ADSI Overview

Active Directory Service Interfaces (ADSI) provide the means for client applications of directory services to use one set of interfaces to communicate with any namespace that provides an ADSI implementation. ADSI clients gain a simpler access to a namespace's services by being able to use the well-defined Active Directory Service Interfaces in place of the network-specific API calls.

Active Directory Service Interfaces conform to the Component Object Model and support standard COM features.

ADSI supplies both Automation-compliant interfaces for use by name-bound controllers like Java, Visual Basic, and VBScript and also non-Automation interfaces for language environments like C and C++ that can optimize for performance.

The pure COM interfaces IDirectoryObject and IDirectorySearch support directory queries and object management.

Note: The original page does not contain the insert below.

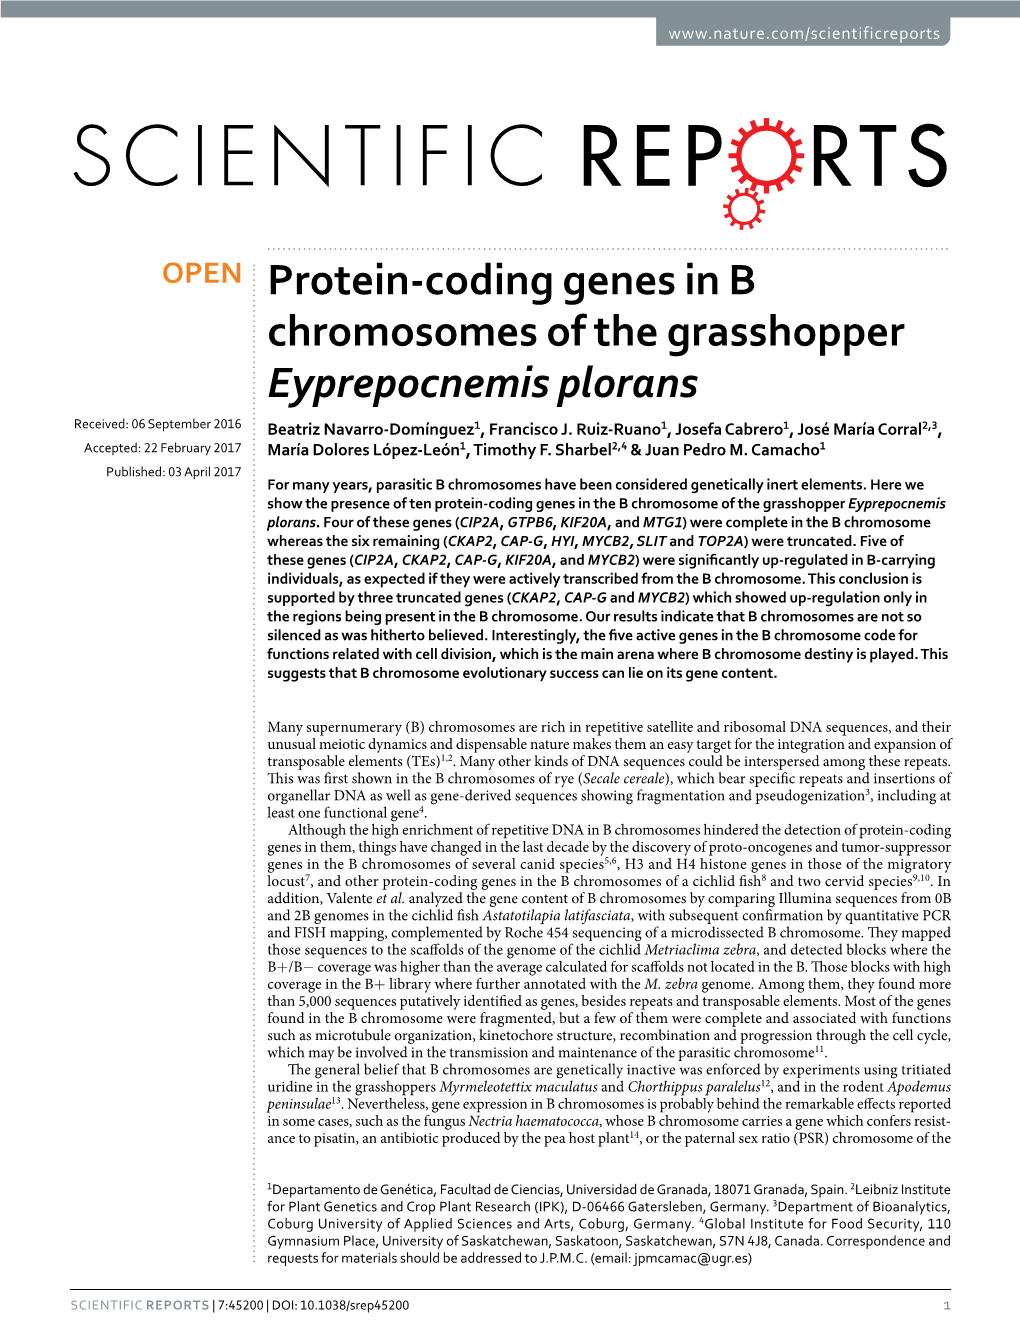 Protein-Coding Genes in B Chromosomes of the Grasshopper Eyprepocnemis Plorans Received: 06 September 2016 Beatriz Navarro-Domínguez1, Francisco J

In addition, ADSI supplies its own OLE DB provider, so that any client already using OLE DB, including those using ActiveX Data Objects, can query directory services directly.

Web applications using Active Server Pages also can program access to directory services through ADSI.

ADSI clients can programmatically discover all the ADSI providers at a site and use the same interfaces to communicate with each namespace. As additional providers are installed, the ADSI clients can communicate, without recompiling, with the new namespaces as well.

ADSI supplies system providers for the LDAP, NDS, NetWare 3.x, and WinNT namespaces.